EXERCISE DATA:
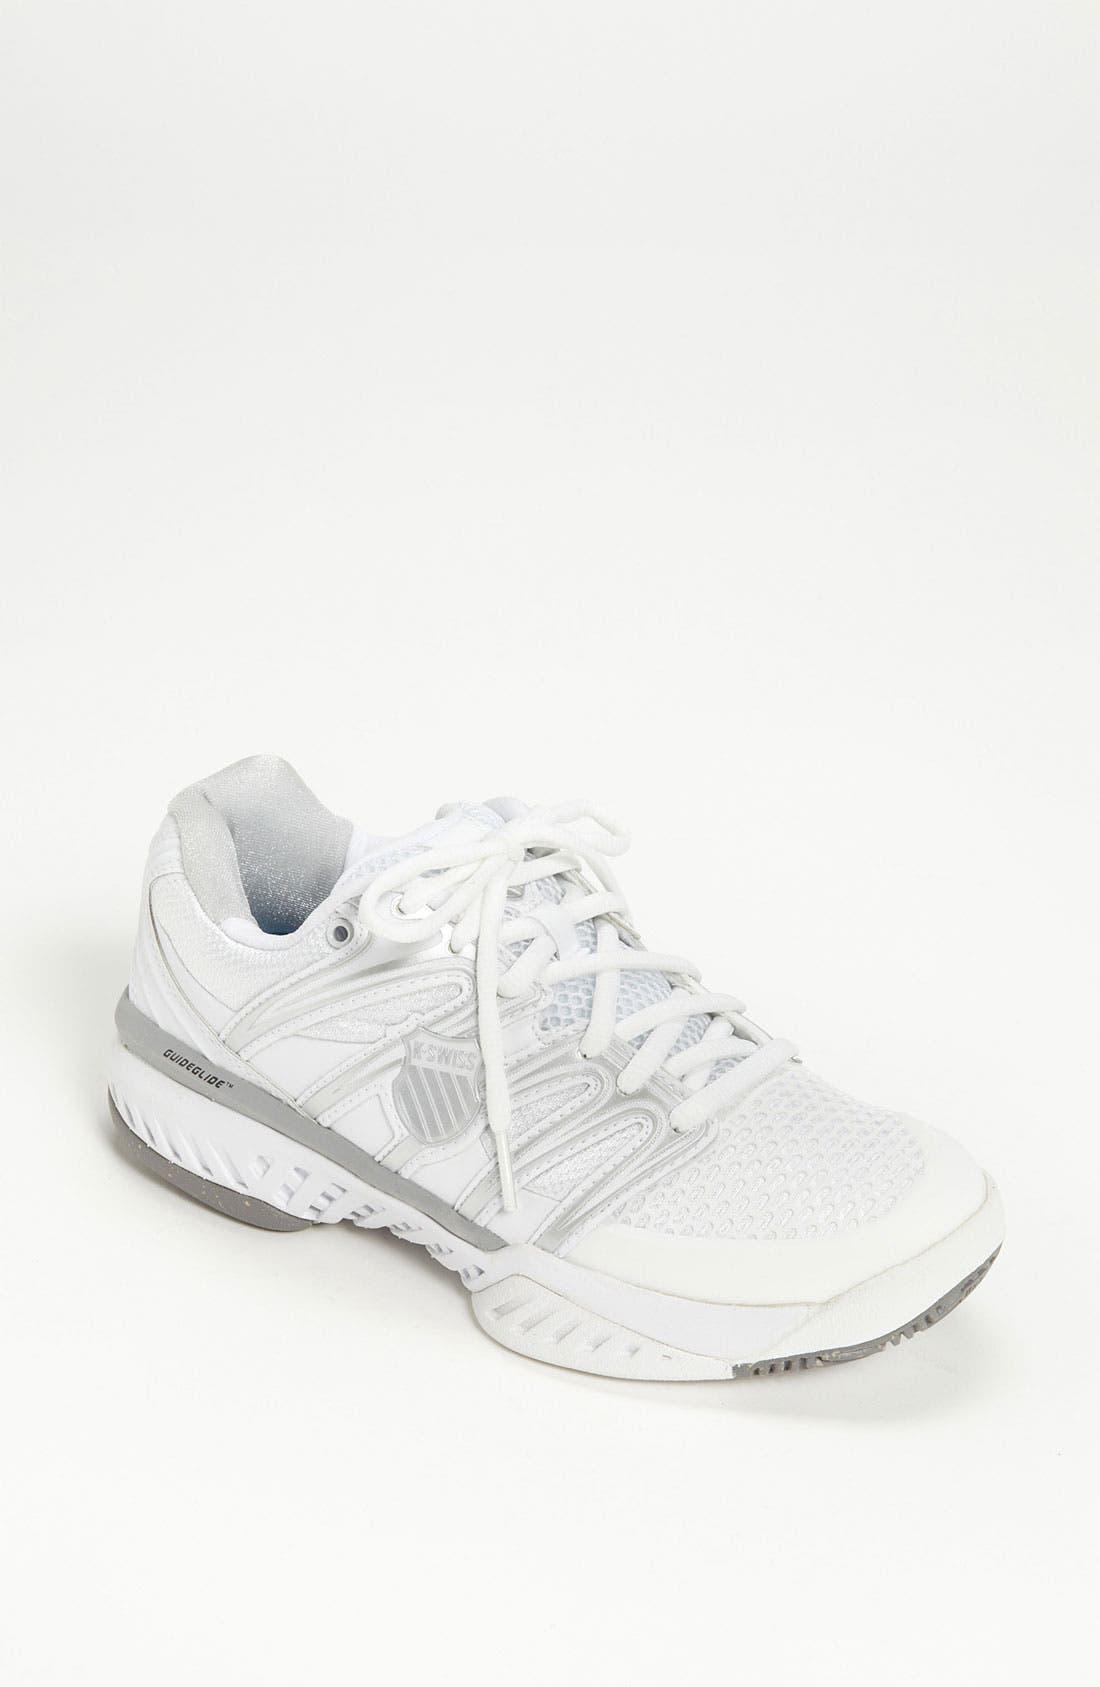 Main Image - K-Swiss 'Big Shot' Tennis Shoe (Women)
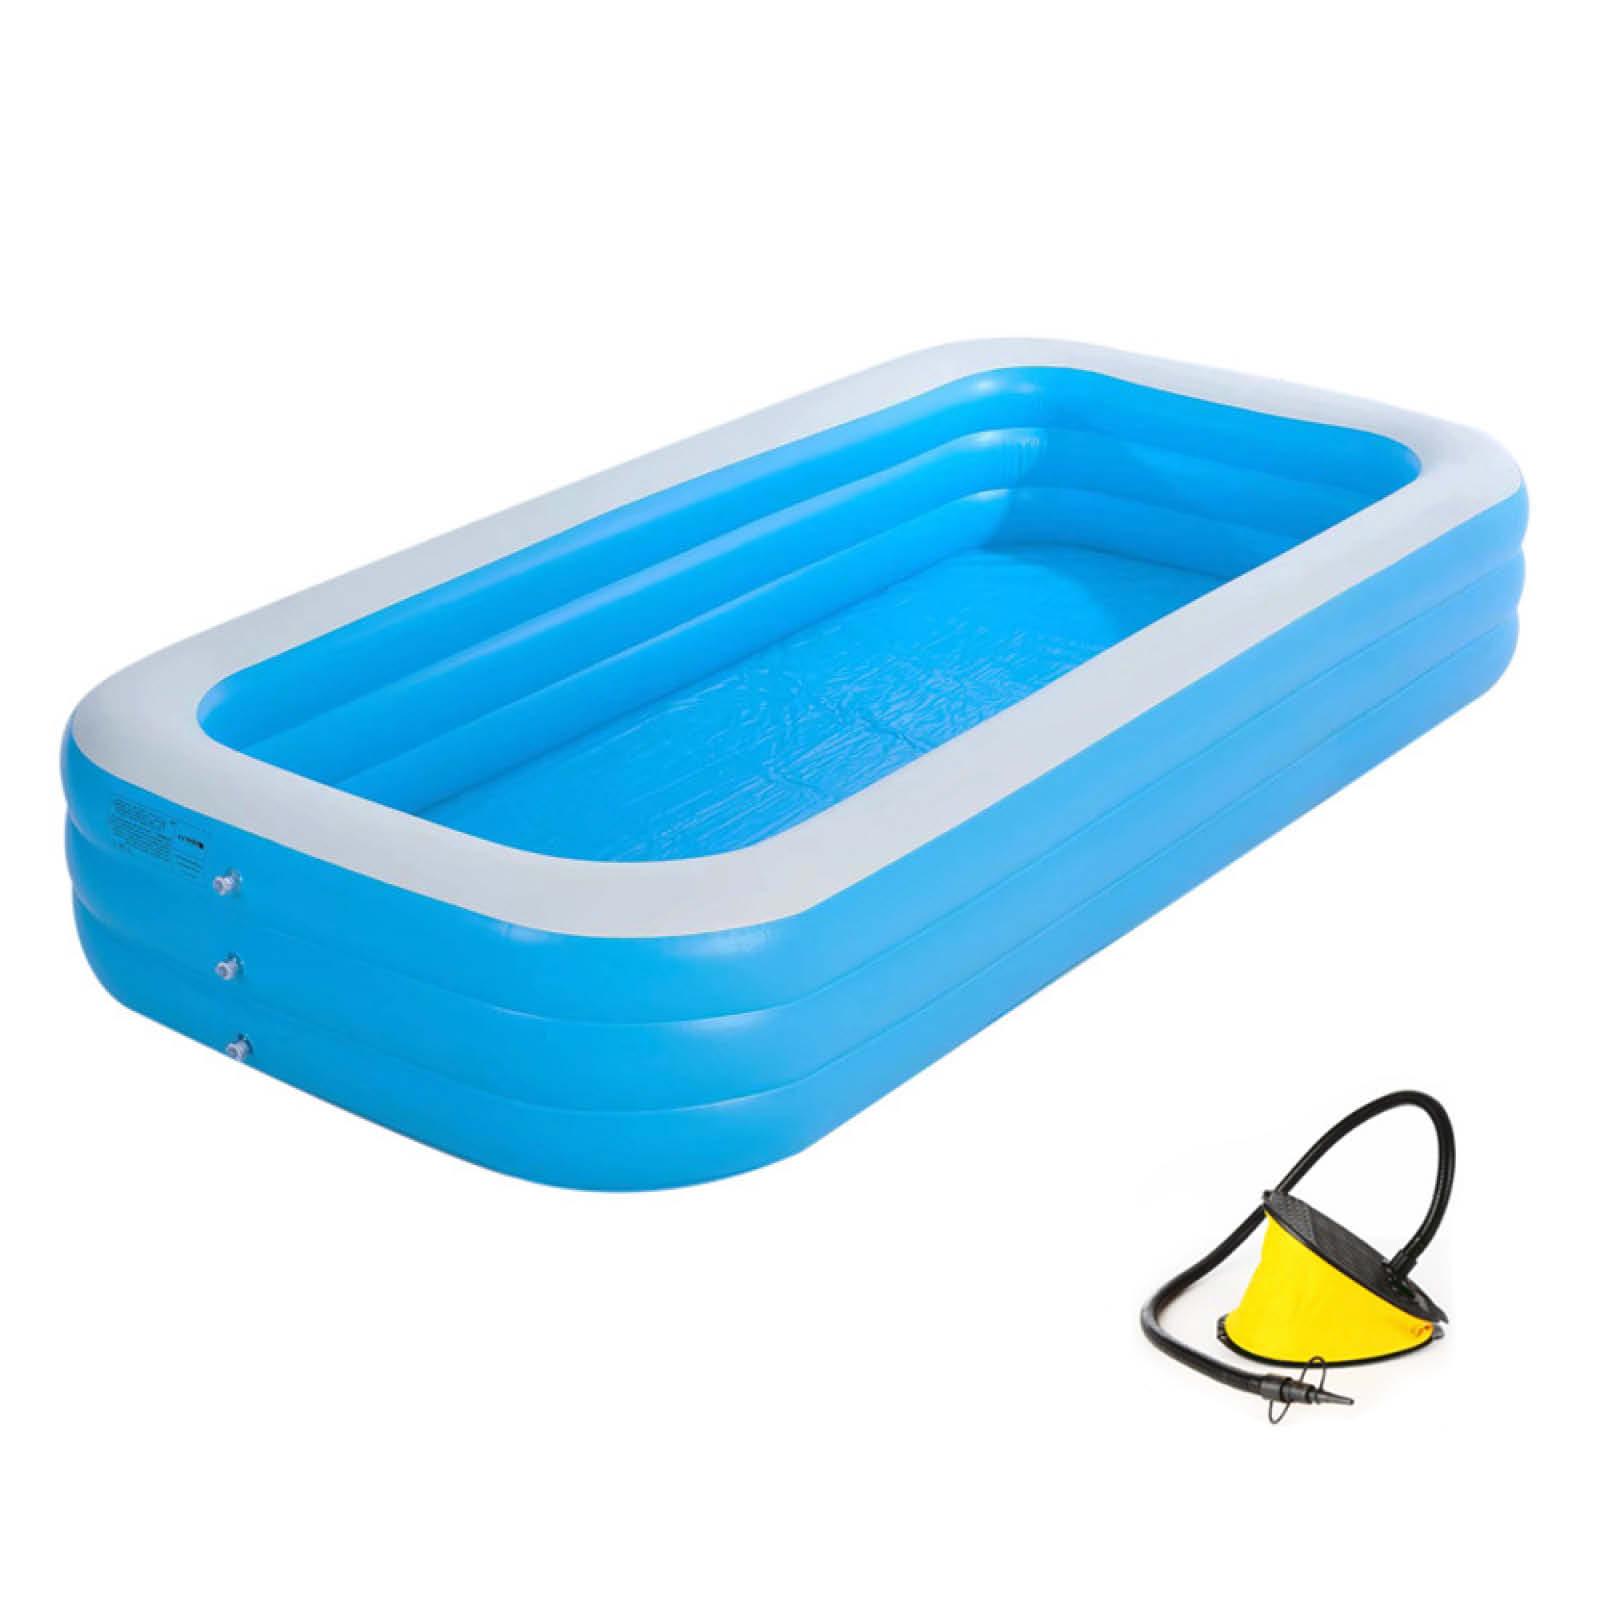 お庭やベランダで水遊びが楽しめるビニールプール 210cm VeroMan 家庭用 大型プール インフレータブル ビニールプール 庭 即出荷 日本産 水遊び 室内 室外 暑さ対策 屋上 L
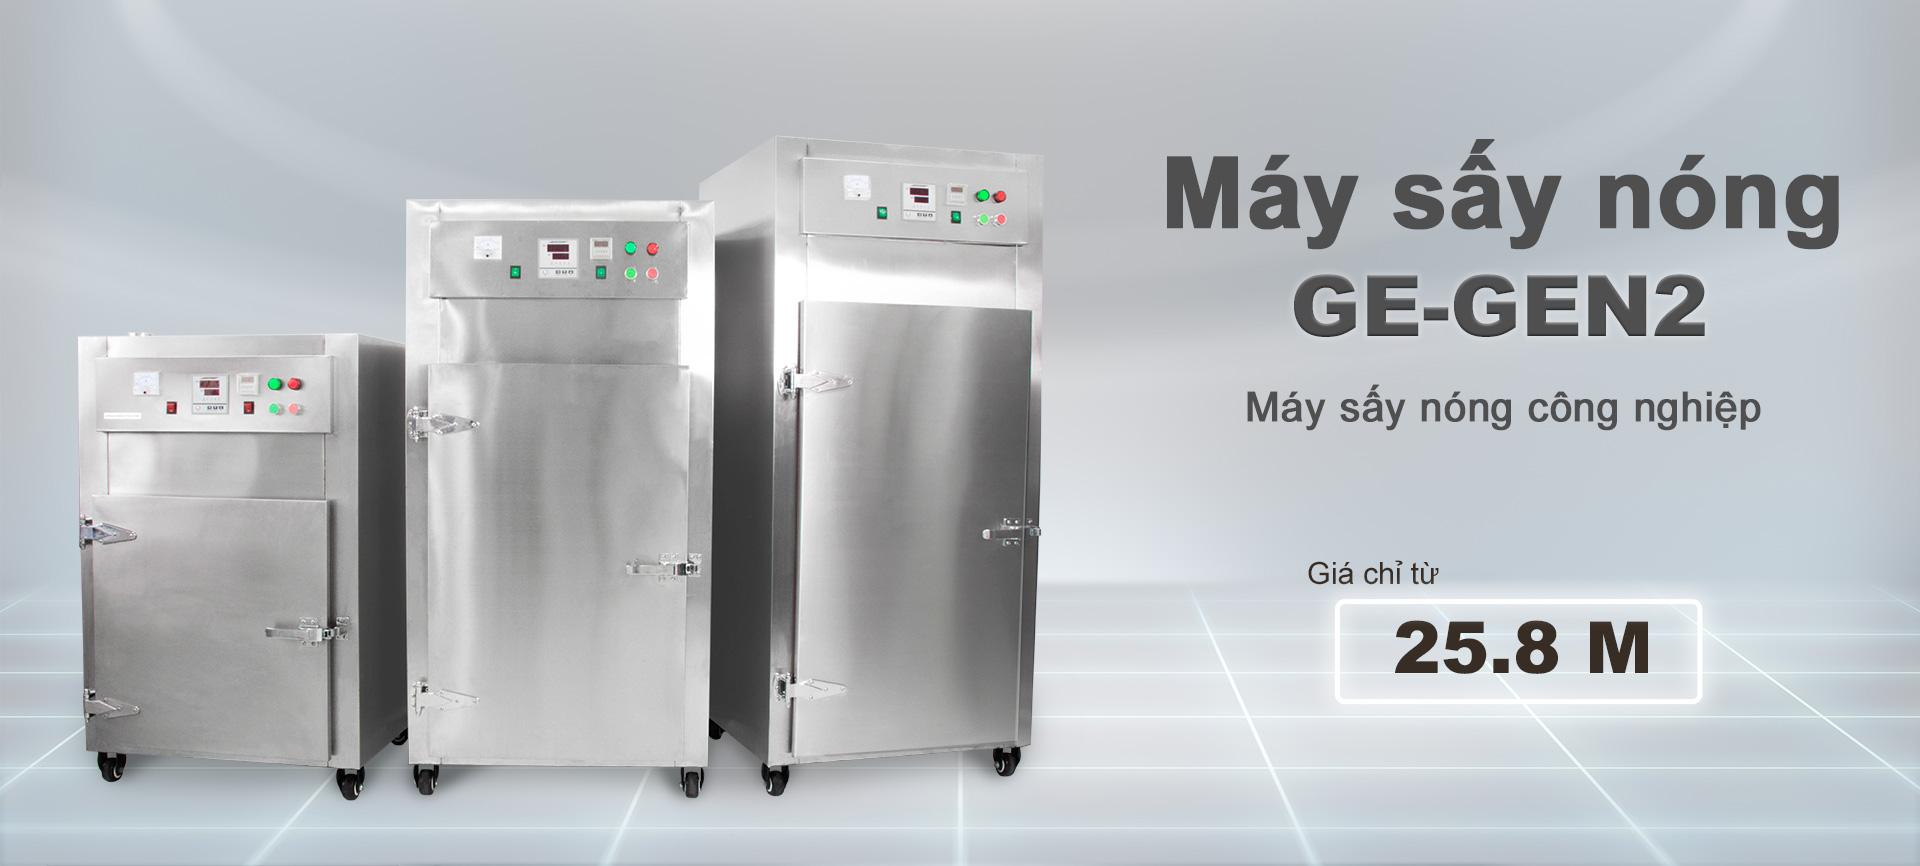 Tủ sấy công nghiệp-GE-GEN2-ราคา

YOUR TASK: Leaving out the images, repeat the listing above exactly.

EXERCISE RESPONSE:
 Main Image - K-Swiss 'Big Shot' Tennis Shoe (Women)
 お庭やベランダで水遊びが楽しめるビニールプール 210cm VeroMan 家庭用 大型プール インフレータブル ビニールプール 庭 即出荷 日本産 水遊び 室内 室外 暑さ対策 屋上 L
 Tủ sấy công nghiệp-GE-GEN2-ราคา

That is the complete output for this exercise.